Problem requirements:
After locating the line that holds "Diy Planter Box Bench", repeat it and each following line exactly until the material ends, skipping pictures.

Data provided:
▼

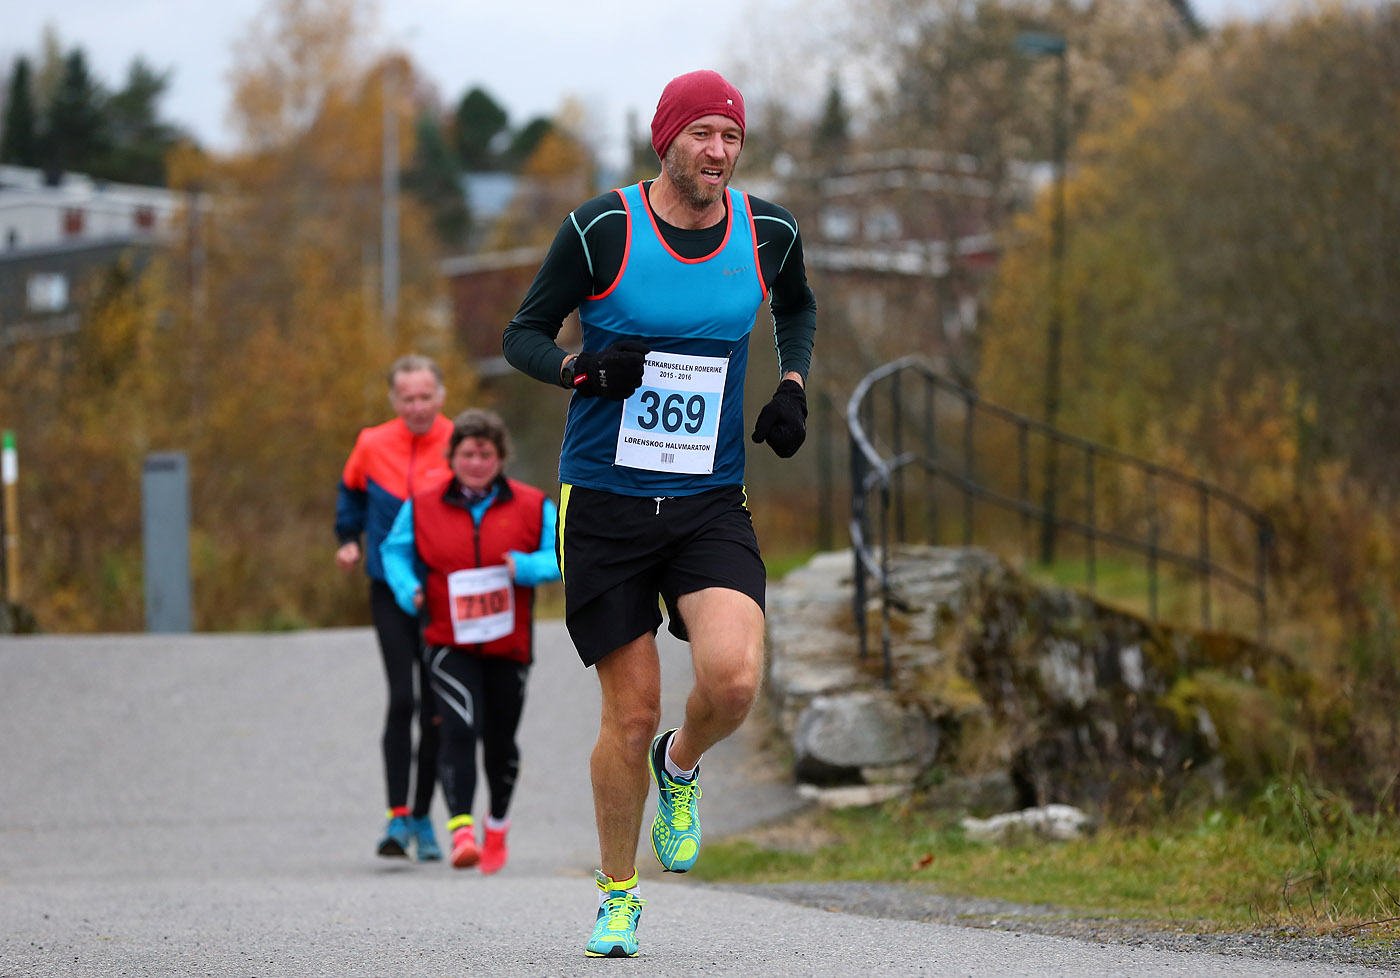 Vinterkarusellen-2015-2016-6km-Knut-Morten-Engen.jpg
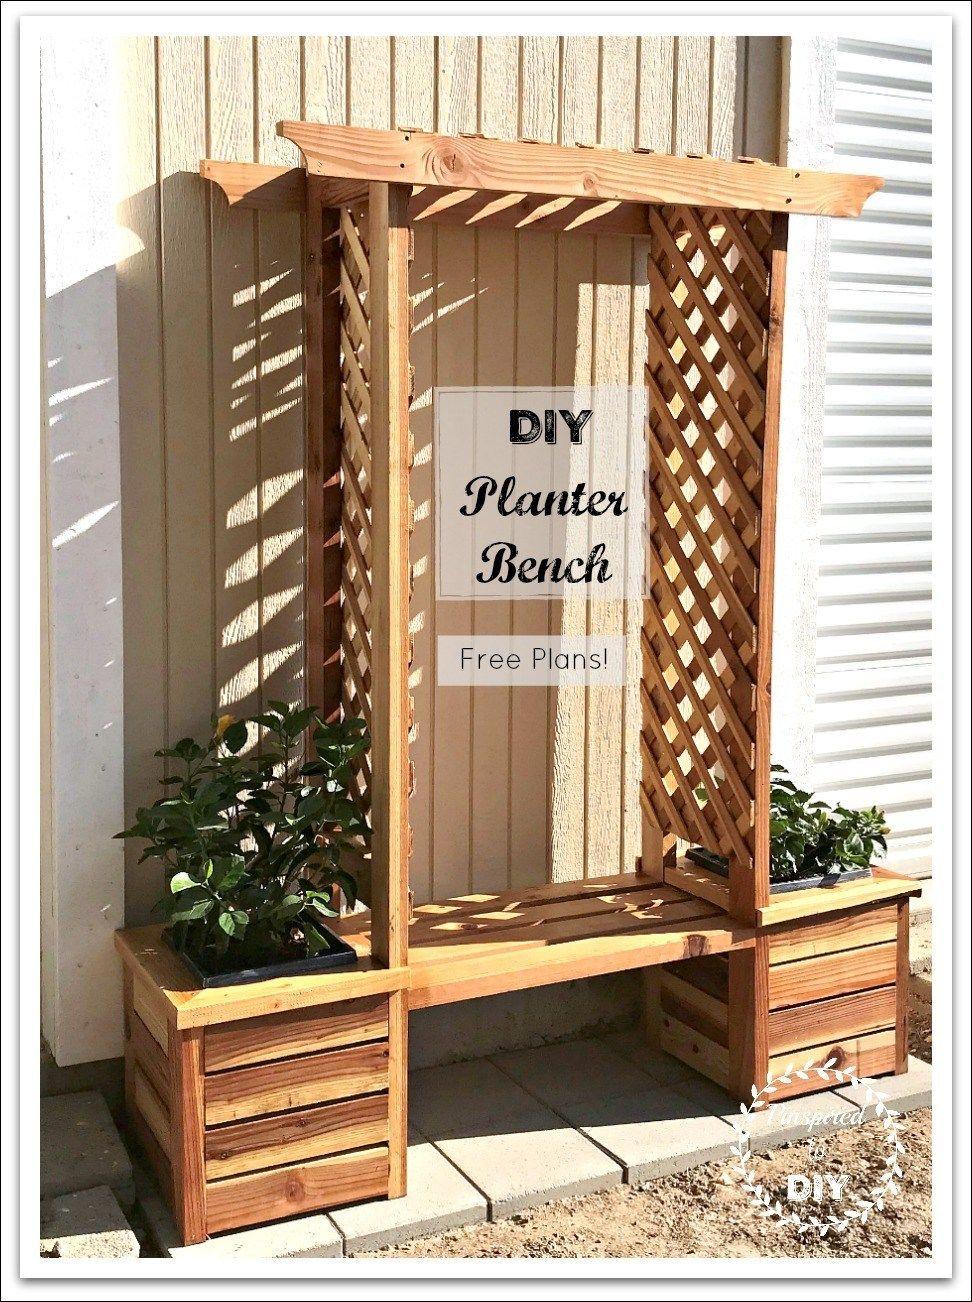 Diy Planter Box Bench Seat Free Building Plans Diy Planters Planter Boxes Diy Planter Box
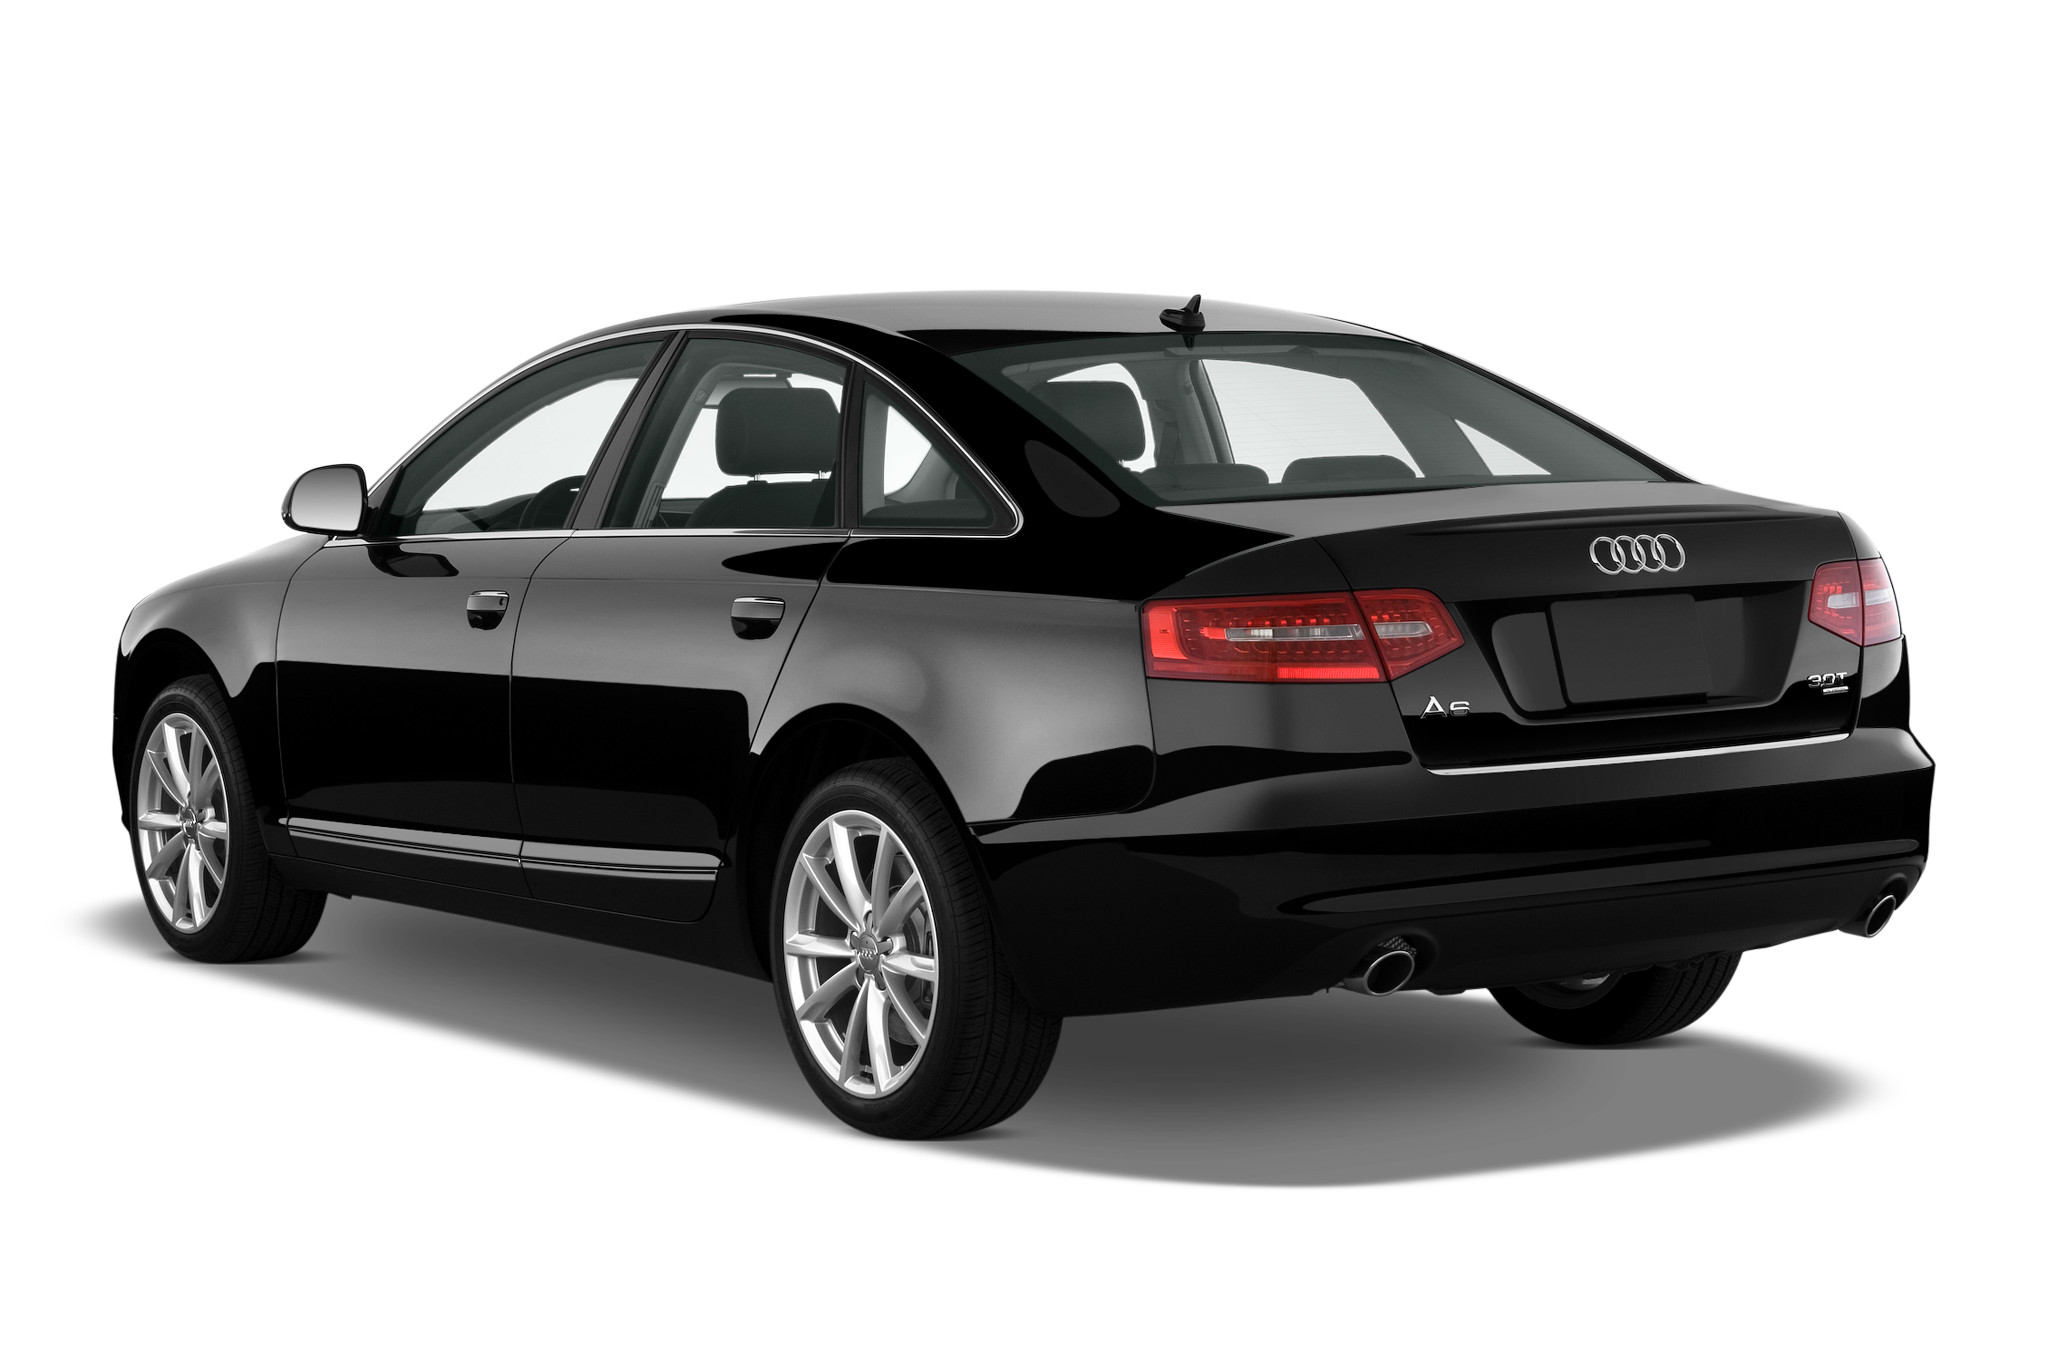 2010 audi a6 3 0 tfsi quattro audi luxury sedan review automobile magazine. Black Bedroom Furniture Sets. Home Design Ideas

▲

Completed task:
 Diy Planter Box Bench Seat Free Building Plans Diy Planters Planter Boxes Diy Planter Box
 2010 audi a6 3 0 tfsi quattro audi luxury sedan review automobile magazine. Black Bedroom Furniture Sets. Home Design Ideas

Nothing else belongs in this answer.